Did you know? In Germany, long-term cryptocurrency holders benefit from tax advantages. Investors who hold their crypto tokens for a minimum of one year are exempt from capital gains tax upon sale. For those who have staked their crypto, the tax exemption period is extended to 10 years.

Who collects and reports CARF information?

The CARF requires the following entities to collect and report this information:

  • CASPs: These are entities that provide services related to crypto assets. Examples include cryptocurrency exchanges, wallet providers and certain lending platforms.
  • Exchanges, custodians and wallet providers: The CARF mandates the collection of information and reporting for intermediaries such as exchanges, custodians and wallet providers. Decentralized protocol developers or entities are required to comply if they perform specific roles akin to traditional intermediaries. 
  • NFT marketplaces: These are platforms that facilitate the buying and selling of non-fungible tokens (NFTs).

What is DAC8?

DAC8 updates the existing EU Directive on Administrative Cooperation (DAC). It broadens the scope of registration and reporting obligations for service providers that facilitate cryptocurrency transactions for EU customers. It introduces new rules for reporting and exchanging information on crypto assets for direct tax purposes. The DAC8 aligns with the OECD’s CARF and integrates its amendments to the CRS.
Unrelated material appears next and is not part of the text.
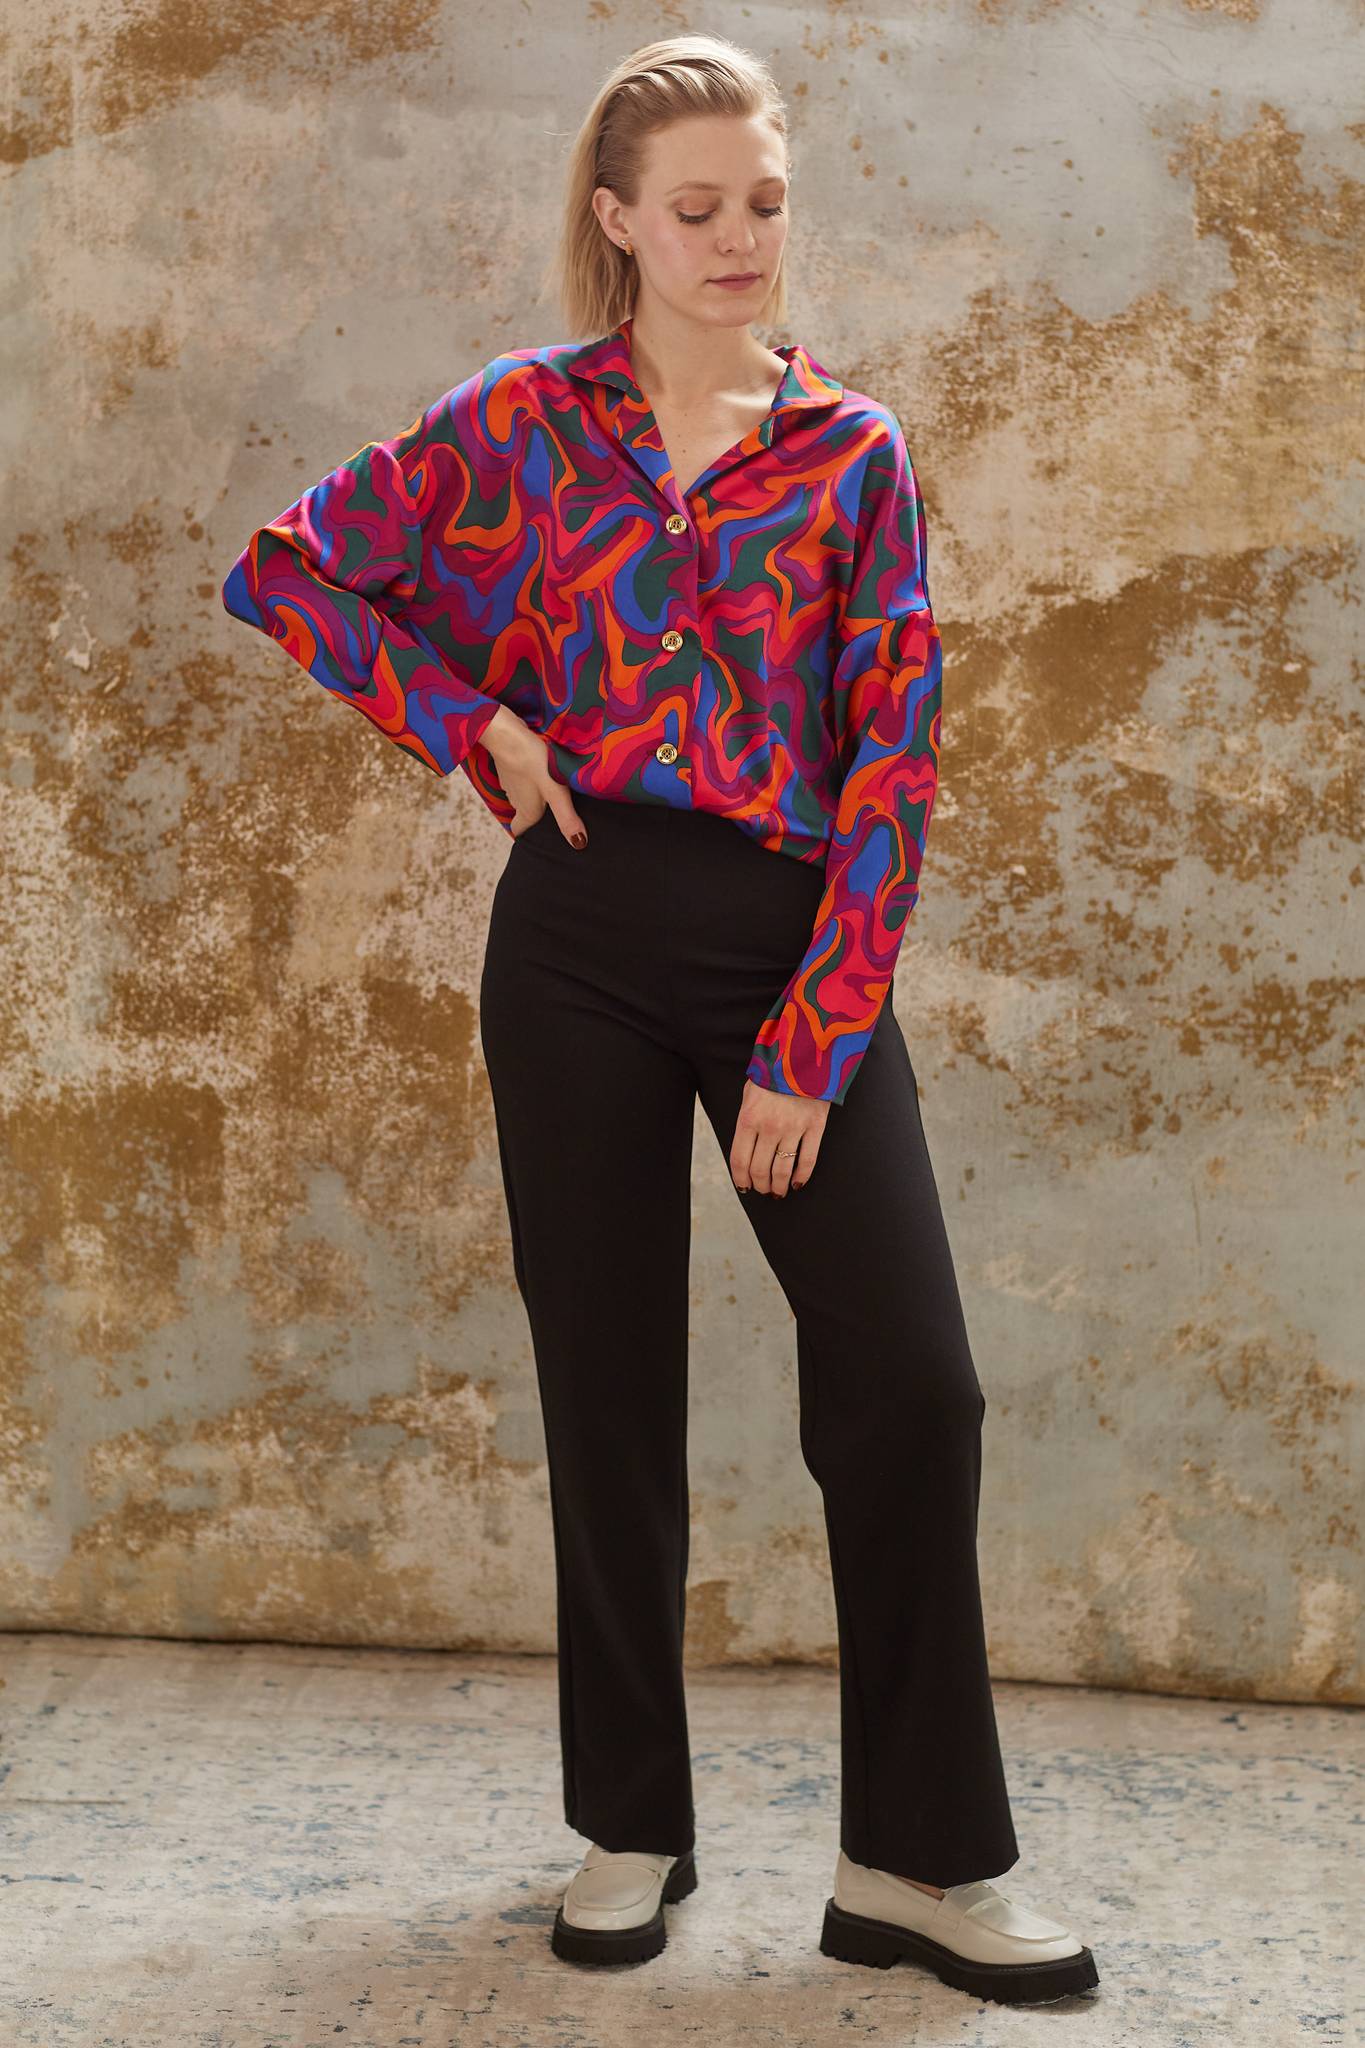 La chemise Jenna, inspirée des motifs des années 70, est confectionnée avec minutie à Montréal, ajoutant ainsi une touche d'originalité marquante à votre tenue.

The directive utilizes the definitions of MiCA for service providers and crypto assets. MiCA outlines the conditions for accessing the EU crypto asset market and Anti-Money Laundering regulations.

Member states are required to incorporate the provisions of DAC8 into their national laws by Dec. 31, 2025.

Timeline of the DAC8

Three-step approach for DAC8 rules

Like DAC7, DAC8 rules will be based on a three-step process:

  • Step 1: Identify reportable users — Service providers must conduct due diligence procedures to identify users who trade or exchange crypto assets through their platform. Such reportable users will be identified through self-certification.
  • Step 2: Collect and report information — Service providers must collect and report information on reportable users to the relevant tax authority by Jan. 31 of the following year. Before collecting and reporting personal information, service providers must inform individuals about this process, ensuring compliance with the GDPR regulations.
  • Step 3: Exchange information — The tax authority of the member state that receives information from the service provider must automatically exchange this information with other relevant tax authorities through an electronic system.

US participation in the CRS

The US has historically relied on its own tax information gathering system, the Foreign Account Tax Compliance Act (FATCA), rather than participating in the OECD’s CRS.

In August 2023, the US Treasury and Internal Revenue Service proposed cryptocurrency tax information reporting rules, effective Jan. 1, 2025. However, the US participation in crypto reporting is not through CRS but via FATCA and the newly proposed cryptocurrency reporting rules. 

While these rules would help the US engage in international data sharing, it would be through FATCA’s existing mechanisms. 

Furthermore, the US rules have extraterritorial reach, applying to non-US exchanges that serve US citizens. This means that even without formal US participation in CARF, the practical outcome may resemble the current CRS/FATCA model, where information is shared between countries.